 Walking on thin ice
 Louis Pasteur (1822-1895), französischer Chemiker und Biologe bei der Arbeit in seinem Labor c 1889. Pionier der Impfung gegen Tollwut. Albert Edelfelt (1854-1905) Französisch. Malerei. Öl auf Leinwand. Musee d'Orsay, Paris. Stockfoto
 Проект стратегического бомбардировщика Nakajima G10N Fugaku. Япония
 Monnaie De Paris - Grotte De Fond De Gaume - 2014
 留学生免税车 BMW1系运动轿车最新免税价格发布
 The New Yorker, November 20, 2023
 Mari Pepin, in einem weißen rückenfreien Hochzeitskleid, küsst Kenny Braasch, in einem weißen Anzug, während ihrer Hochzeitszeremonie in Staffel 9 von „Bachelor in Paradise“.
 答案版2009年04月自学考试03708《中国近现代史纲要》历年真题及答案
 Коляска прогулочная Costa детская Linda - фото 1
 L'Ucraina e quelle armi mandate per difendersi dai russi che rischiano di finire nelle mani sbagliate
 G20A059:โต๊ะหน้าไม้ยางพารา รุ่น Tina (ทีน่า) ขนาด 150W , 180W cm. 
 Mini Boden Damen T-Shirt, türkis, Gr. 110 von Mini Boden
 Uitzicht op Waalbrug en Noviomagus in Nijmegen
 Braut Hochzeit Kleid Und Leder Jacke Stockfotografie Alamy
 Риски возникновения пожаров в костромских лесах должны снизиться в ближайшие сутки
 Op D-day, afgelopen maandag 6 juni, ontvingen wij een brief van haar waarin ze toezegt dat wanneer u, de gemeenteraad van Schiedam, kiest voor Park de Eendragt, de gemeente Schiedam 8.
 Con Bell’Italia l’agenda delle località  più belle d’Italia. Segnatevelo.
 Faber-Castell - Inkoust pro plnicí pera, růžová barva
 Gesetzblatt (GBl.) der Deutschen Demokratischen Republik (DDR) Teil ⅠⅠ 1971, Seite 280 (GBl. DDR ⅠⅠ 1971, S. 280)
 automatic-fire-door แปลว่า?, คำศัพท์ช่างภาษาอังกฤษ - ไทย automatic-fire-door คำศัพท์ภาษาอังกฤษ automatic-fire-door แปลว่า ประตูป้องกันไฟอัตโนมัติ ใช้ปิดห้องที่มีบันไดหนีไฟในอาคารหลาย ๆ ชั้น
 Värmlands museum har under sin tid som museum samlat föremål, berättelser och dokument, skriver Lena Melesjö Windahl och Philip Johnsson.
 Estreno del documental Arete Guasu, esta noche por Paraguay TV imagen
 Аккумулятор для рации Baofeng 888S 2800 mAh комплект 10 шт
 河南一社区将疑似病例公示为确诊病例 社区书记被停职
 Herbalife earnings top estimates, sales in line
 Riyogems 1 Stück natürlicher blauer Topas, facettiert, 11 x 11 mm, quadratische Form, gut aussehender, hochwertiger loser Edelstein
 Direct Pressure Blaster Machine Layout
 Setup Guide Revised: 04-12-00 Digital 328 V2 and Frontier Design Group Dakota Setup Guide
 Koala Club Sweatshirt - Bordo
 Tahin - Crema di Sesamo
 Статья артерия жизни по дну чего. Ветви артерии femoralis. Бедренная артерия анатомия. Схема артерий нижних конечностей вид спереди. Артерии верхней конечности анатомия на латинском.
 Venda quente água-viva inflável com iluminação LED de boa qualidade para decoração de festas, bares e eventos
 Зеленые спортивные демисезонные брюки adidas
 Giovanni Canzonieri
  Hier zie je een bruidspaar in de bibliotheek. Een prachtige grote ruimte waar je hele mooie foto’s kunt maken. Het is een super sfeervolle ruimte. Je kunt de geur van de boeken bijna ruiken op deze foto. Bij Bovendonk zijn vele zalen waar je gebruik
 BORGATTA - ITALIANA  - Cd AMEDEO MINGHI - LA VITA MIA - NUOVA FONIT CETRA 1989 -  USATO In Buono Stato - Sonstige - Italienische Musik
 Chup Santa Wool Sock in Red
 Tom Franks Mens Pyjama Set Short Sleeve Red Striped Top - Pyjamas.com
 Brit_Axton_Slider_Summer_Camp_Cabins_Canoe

** ABOUT THIS TASK **
Find the lines in the entries above where "Paris" occurs, and copy each of them.

** SOLUTION TO THE EXERCISE **
 Louis Pasteur (1822-1895), französischer Chemiker und Biologe bei der Arbeit in seinem Labor c 1889. Pionier der Impfung gegen Tollwut. Albert Edelfelt (1854-1905) Französisch. Malerei. Öl auf Leinwand. Musee d'Orsay, Paris. Stockfoto
 Monnaie De Paris - Grotte De Fond De Gaume - 2014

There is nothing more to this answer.